Moltke’s influence on industrial war
Here’s a contribution from a reader. This is part III of the 8 part series on industrial warfare generals.
When discussing industrial military leaders, it is almost impossible to leave out Helmuth von Moltke (the Elder). This Prussian and Chief of the German General Staff took many of the practices of Napoleon and the theories of Clausewitz to utilize and institutionalize mobilization and, with the help of Albrecht von Roon and Otto von Bismarck, to unify Germany and change the face of Europe forever. His theory of warfare, clearly stated in the quote below and written in 1880, foreshadows what war would look like for the next 65 years and beyond (in the form of inter-state industrial warfare):
The greatest good deed in war is the speedy ending of the war, and every means to that end, so long as it is not reprehensible, must remain open. In no way can I declare myself in agreement with the Declaration of St. Petersburg that the sole justifiable measure in war is “the weakening of the enemy’s military power.” No, all the sources of support for the hostile government must be considered, its finances, railroads, foodstuffs, even its prestige.
Moltke built on the tactics of Napoleon in that he would mobilize his troops in smaller units (rather than one large force mobilizing to meet another large farce) so that his commanders could both conceal troop movements and react to a ever-changing battlefield. This gave his commanders the ability to coordinate in order to strike at weak points in an enemy’s position and divert an attack around enemy fortifications. Moltke’s ideas would inspire the Schlieffen Plan, Nazi Blitzkrieg, and the mobile warfare tactics of most nation-states thereafter.

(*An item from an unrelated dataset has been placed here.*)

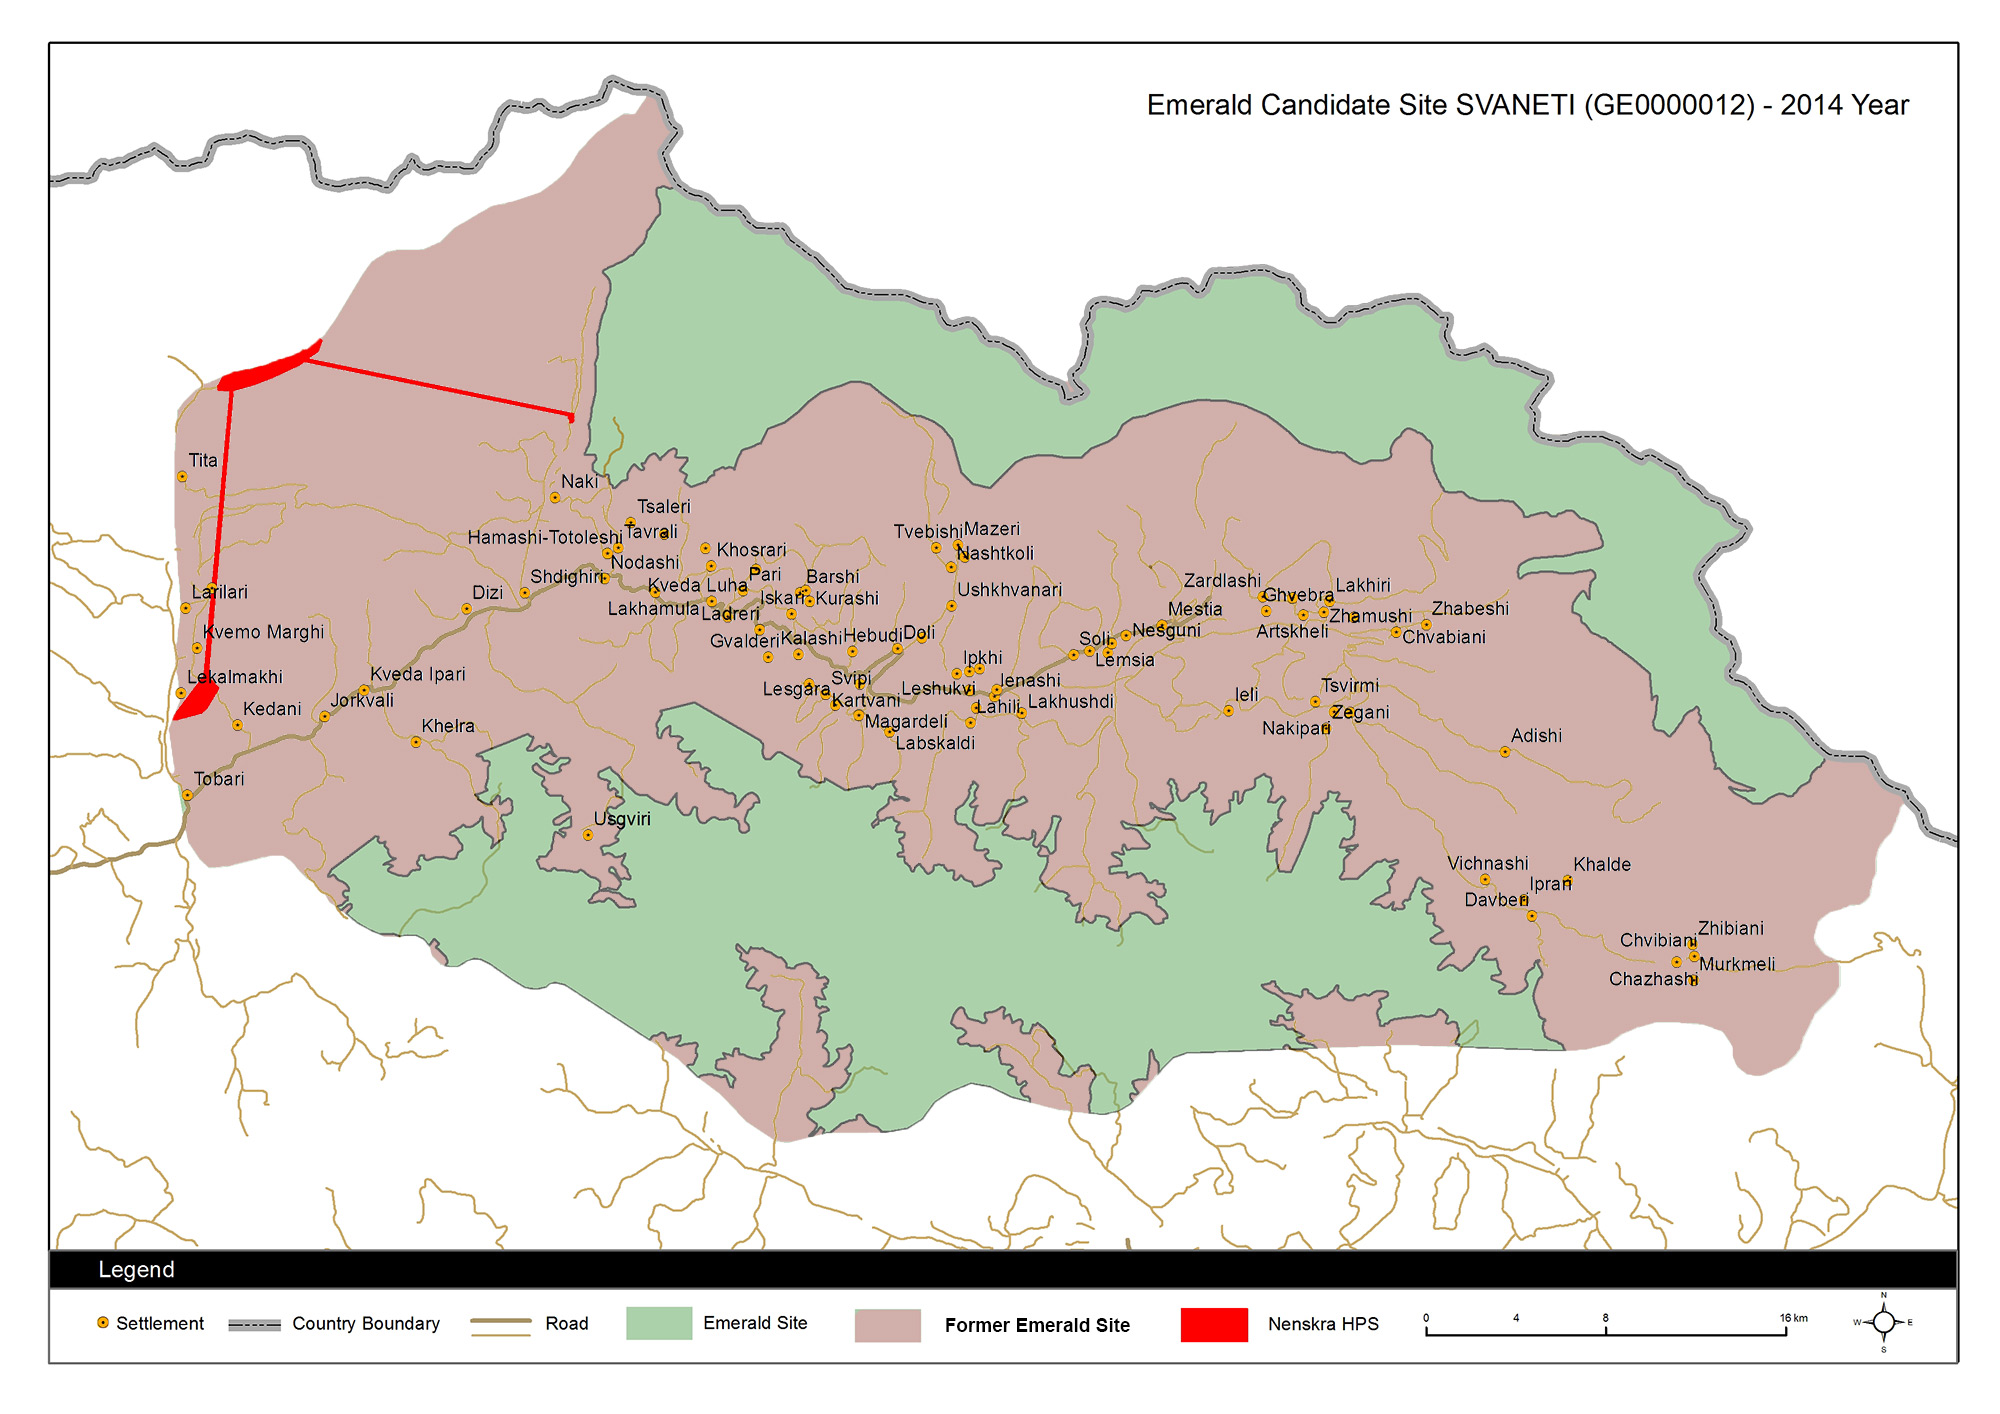 A map with a red and a green area. The large red area marks the part that has been removed by Georgia's government from the Candidate Emerald site Svaneti 1.
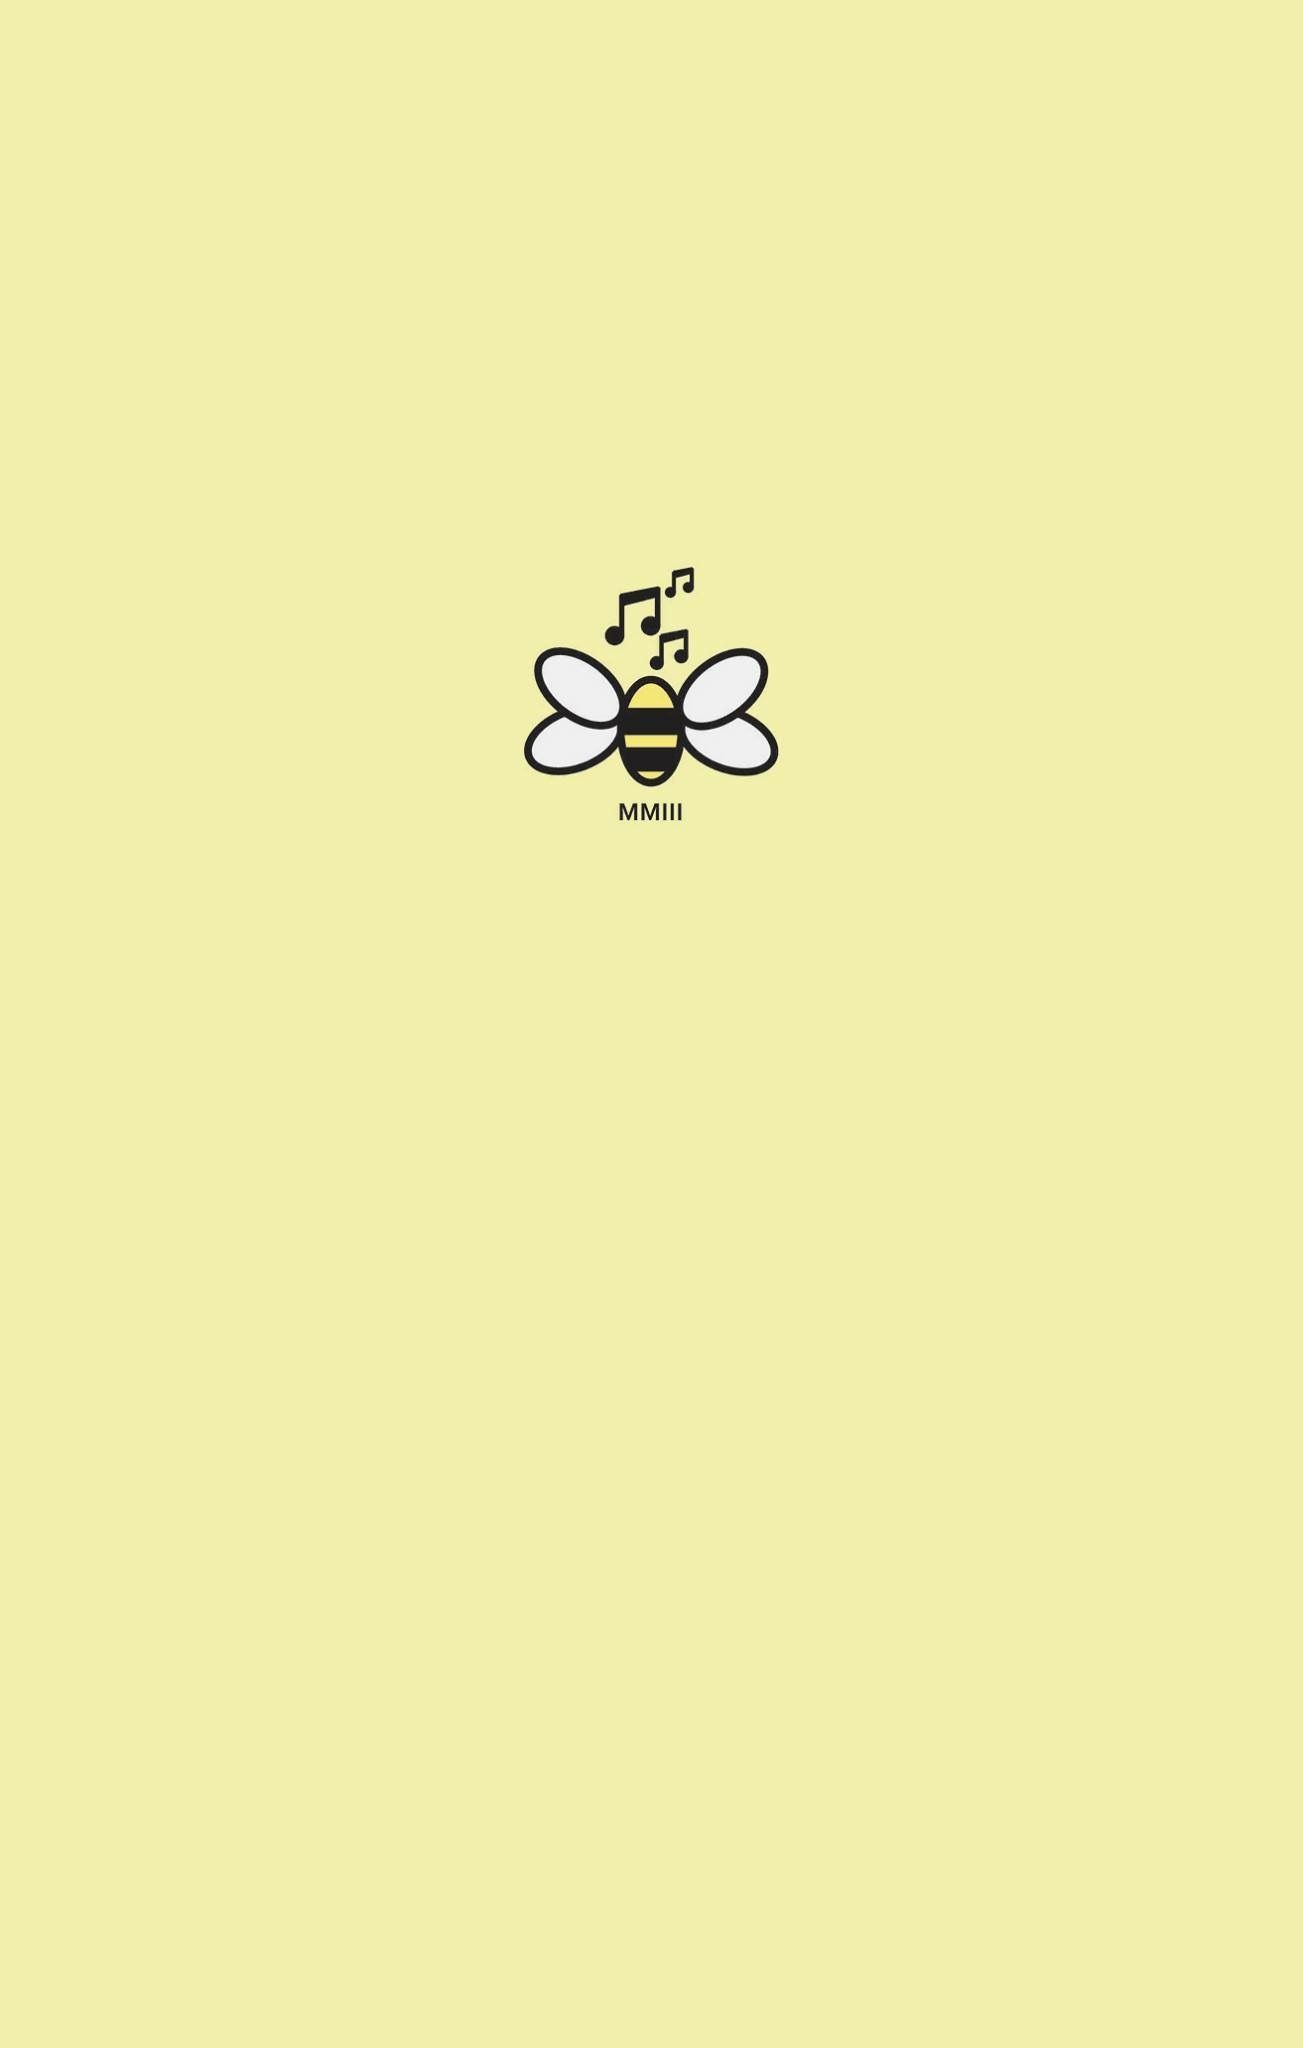 Free download Cute Pastel Yellow Aesthetic Wallpapers Top Cute Pastel

The theories of strategy and tactics laid out here would influence a new paradigm of war fighting shown in, among others, the unification wars of Germany, the Franco-Prussian War, two World Wars. His theory of striking at a nation’s industrial base was most exemplified when two atomic bombs were dropped on Japan. Moltke was no less than the driving influence of how war was fought, what objectives were expected from it, and how the industrial base of states developed around it throughout the entire period of time that we are discussing here; Industrial militaries are still built on these principles and still try to fight wars using the methods he taught us. Whether good or bad, Moltke’s influence is undeniable.